State of the art there is poly-logarithmic time worst case.

gleenn

Anything probabilistic? There are so many interesting fields where you can assume the distribution of a dataset and the take a sample of data and assert things about it with a high degree of confidence. All of modern AI is built on so much of this. All the Deep Neural Nets are making grand assumptions about the shape of meaning of data, they literally assume convexity of the space and they have clearly very interesting results despite the imprecision of the model. Anything dealing with finance is also dealing in lack of data. So if you had a list of prices of a stock over time, you could probably start making assumptions exactly like that, tgat the probability that it doubles over a short time is so unlikely so you can subsample the data and have it still be super useful to make assumptions exactly, especially when you have intractably large data.

dataflow

>> deterministic exact

> Anything probabilistic?

Are you sure you're answering the same question I'm asking?

latency-guy2

I wouldn't call that example silly IMO.

I'd consider all the varieties of B-Tree to be real example, which goes to any DBMS. You can extend this out to any direction you want like logging for concrete examples.
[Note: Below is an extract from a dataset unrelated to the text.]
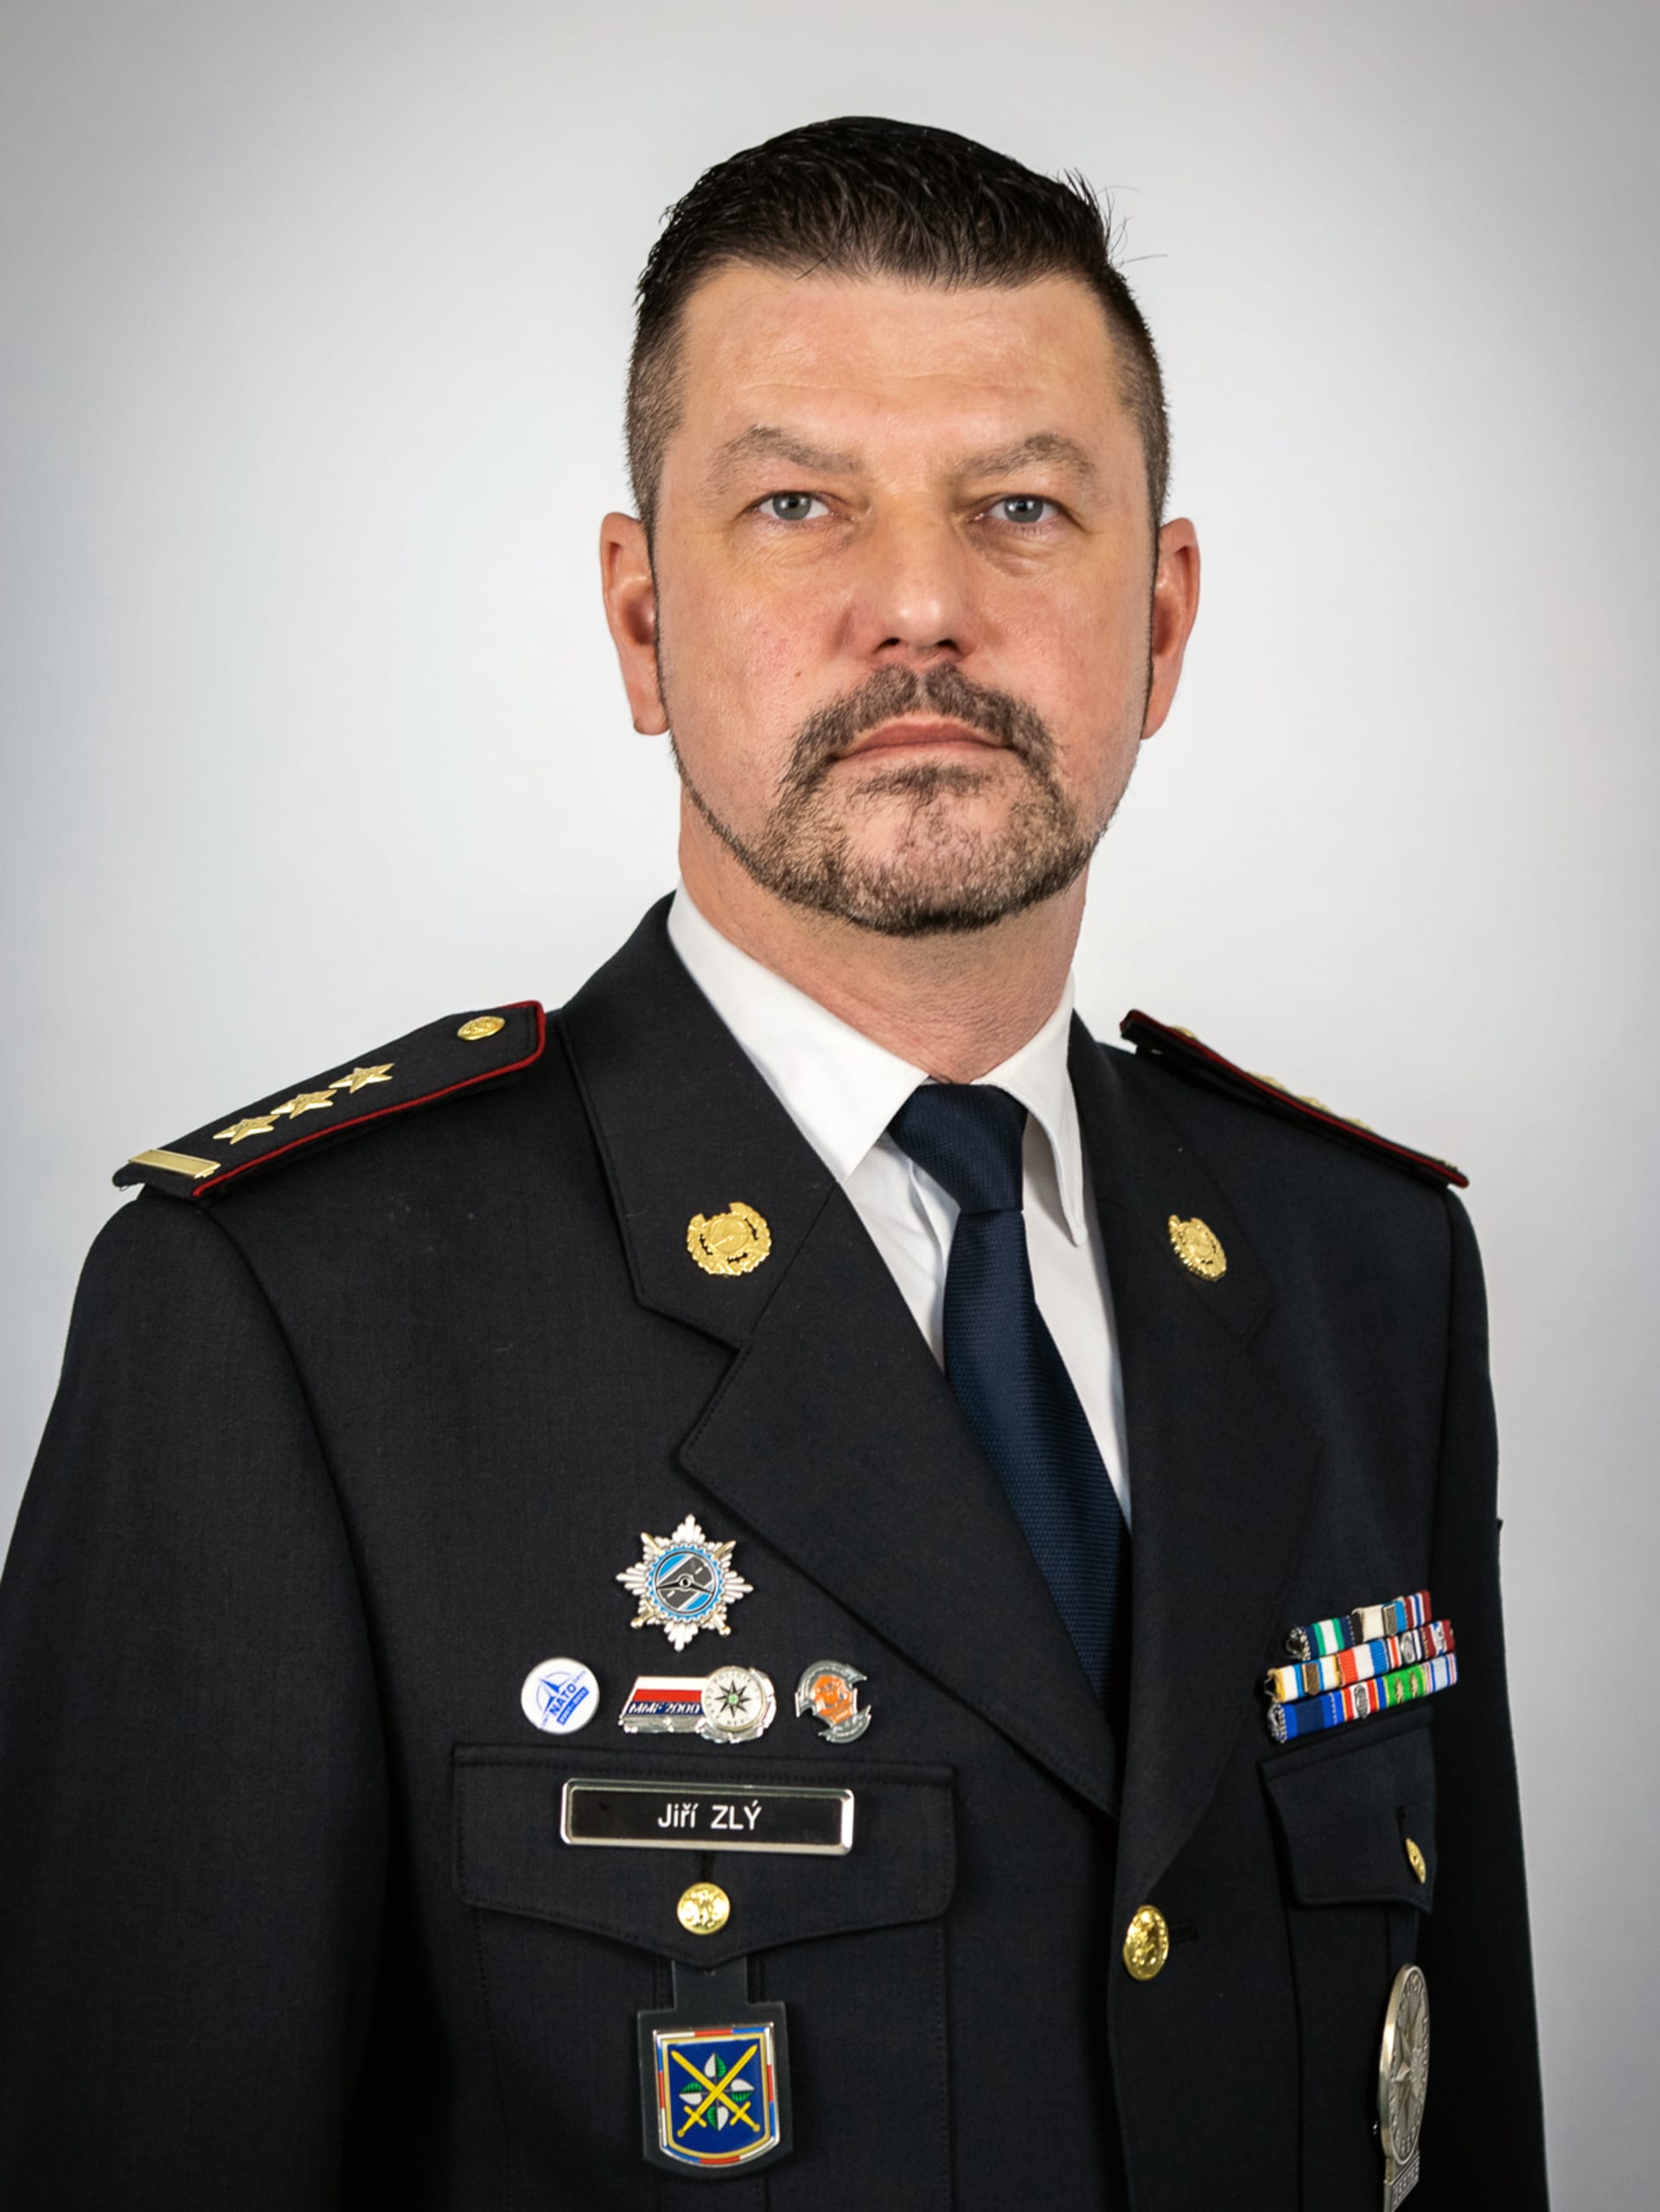 Ředitel Dopravní policie ČR, Jiří Zlý

GIS/Mapping/computer vision has tons of algorithms and data structures that all needed to do better than linear time as well.

Stream processing in general is another, but that ends up being probabilistic more often than not, so weak punt into that direction.

If you expand the use case out to sublinear space as well, I'd argue for compression of all kinds.

qyph

https://en.wikipedia.org/wiki/AKS_primality_test though it's number theory, and concerned with numbers of size n, rather than lists of length n.

Also relevant: https://www.cs.yale.edu/homes/aspnes/pinewiki/Derandomizatio...

Ar-Curunir

AKS is not sublinear. It runs in poly(n) time, where n is the number of bits in the input (i.e. input size).

dataflow

> https://en.wikipedia.org/wiki/AKS_primality_test though it's number theory, and concerned with numbers of size n, rather than lists of length n.

They were talking about not reading a lot of the input, so that's not it.

alok-g

For that case, a better 'n' to use could be the number of digits in the number.

shae

This sounds like a useful way to mix in statistics and get useful approximations. I'm reading one of the survey links and it's approximately eye opening.

dooglius

Often for problems taking integer input x, formal CS will define the input to be something like 1^x (the character '1' repeated x times, as opposed to binary) so that the time complexity is in terms of x. This class of problems seems amenable to sublinear time since only only needs log(x) steps to determine x.

LPisGood

Actually if you try to formally define sublinear time algorithms in this manner they all collapse to constant time algorithms.

To see why, realize that to determine x, the TM needs to look at x many bits. If this algorithm only needed, say, log(x) many bits to produce output then all input values with more than log(x) bits are indistinguishable by this TM.

tromp

The notion of sublinear time only makes sense with Random-access Machines [1], not with Turing Machines.

[1] https://en.wikipedia.org/wiki/Random-access_machine

dooglius

Pretty much any standard notion of time complexity requires one to assume a random access machine, or else e.g. an array access is O(index) time.

doormatt

So like HyperLogLog?

qyph

Hyperloglog analyses generally assume access to the full data stream, and so are O(n) at a minimum. Perhaps by running hyperloglog on a sublinear sample of the dataset you'd get an algorithm in this class.

doormatt

That makes sense, thanks for explaining!

dataflow

HyperLogLog uses sublinear space, not sublinear time.